» **Exercise goal**: Once the images are removed, set down everything else in the listing below exactly.

» **Given data**:
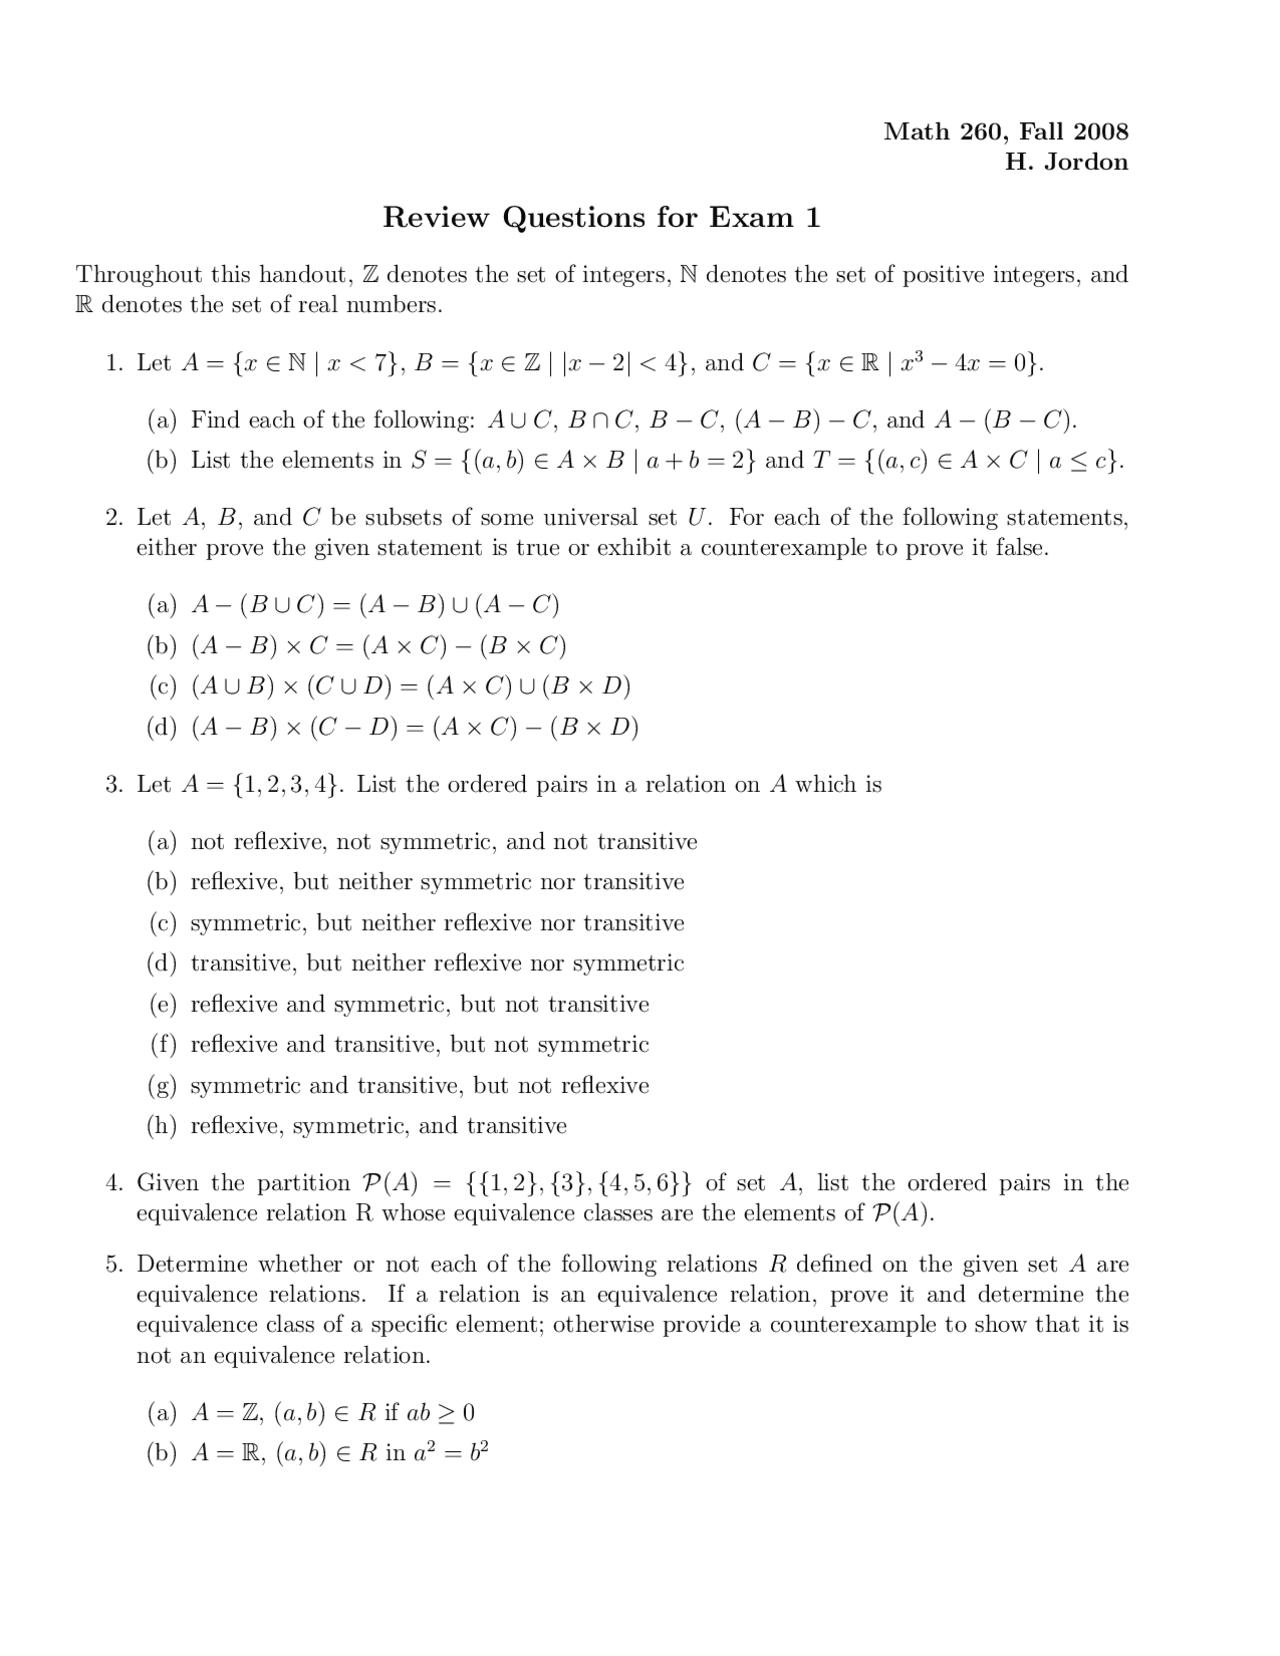 Review Questions For Exam 1 Discrete Mathematics Mat 260 00 Docsity
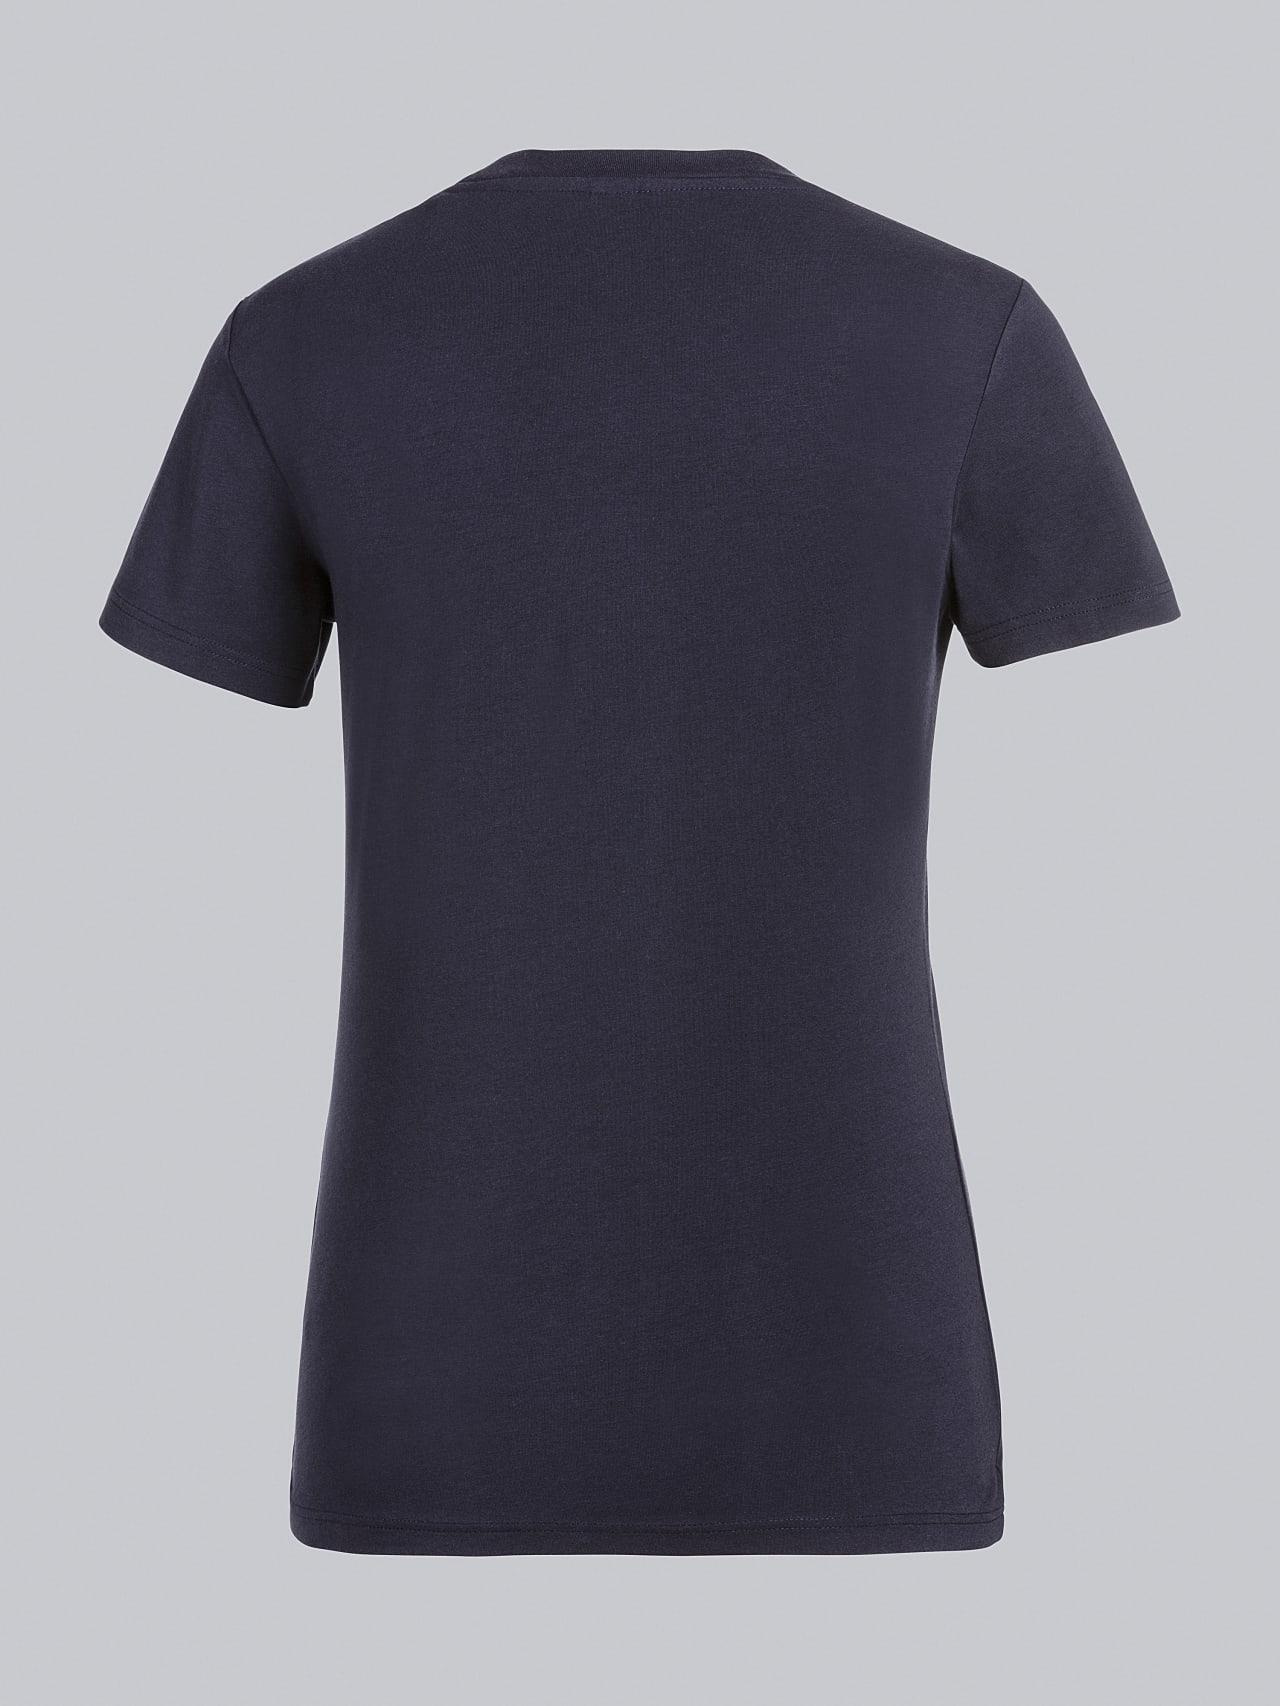 JOCTI V3.Y5.02 Logo T-Shirt navy Left Alpha Tauri
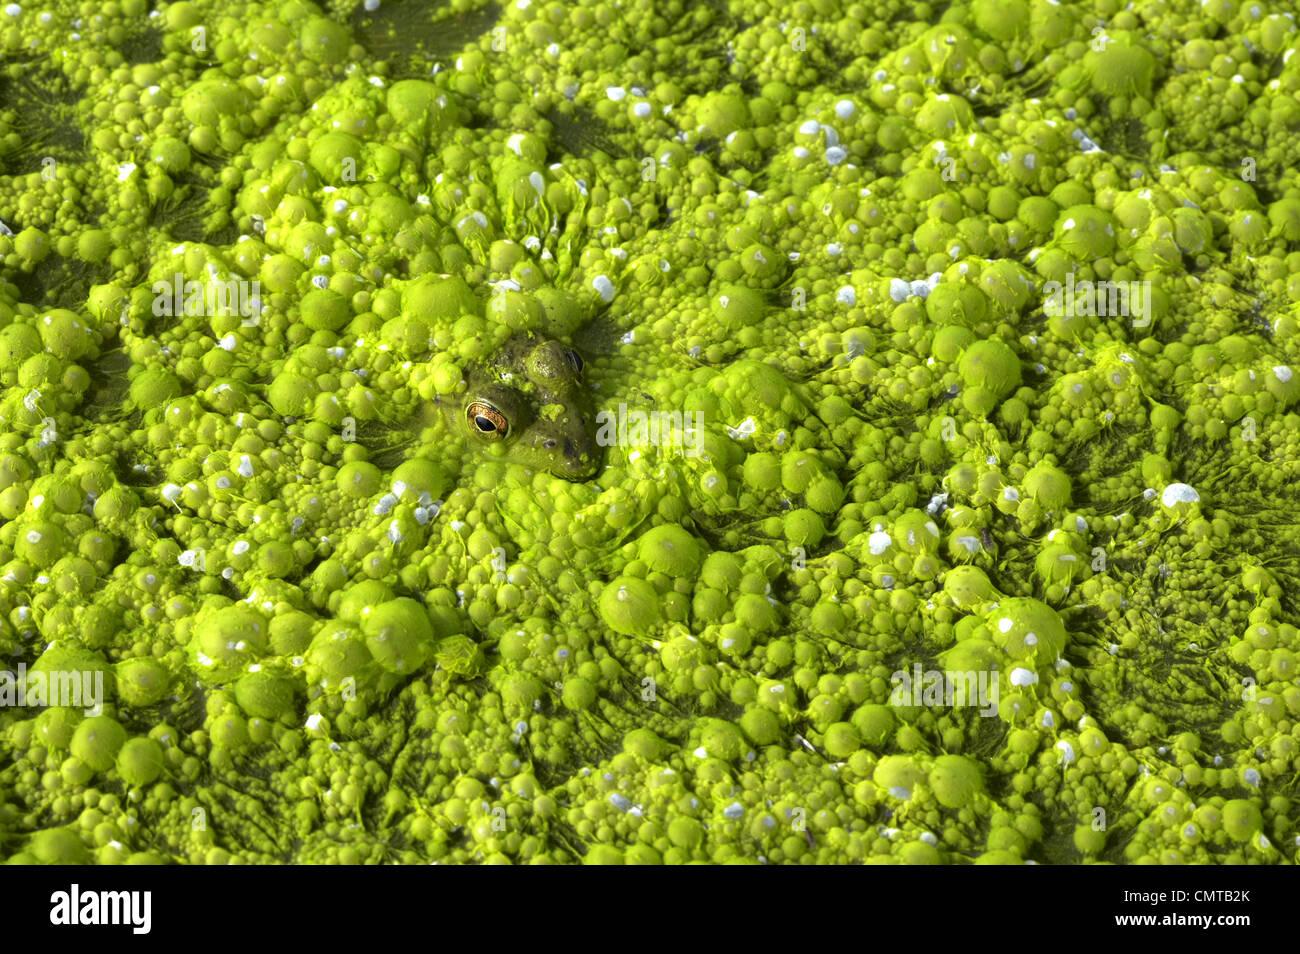 Close-up de grenouille dans l'étang vert visqueux, Georgian Bay, Ontario, Canada Banque D'Images

» **Exercise answer**:
 Review Questions For Exam 1 Discrete Mathematics Mat 260 00 Docsity
 JOCTI V3.Y5.02 Logo T-Shirt navy Left Alpha Tauri
 Close-up de grenouille dans l'étang vert visqueux, Georgian Bay, Ontario, Canada Banque D'Images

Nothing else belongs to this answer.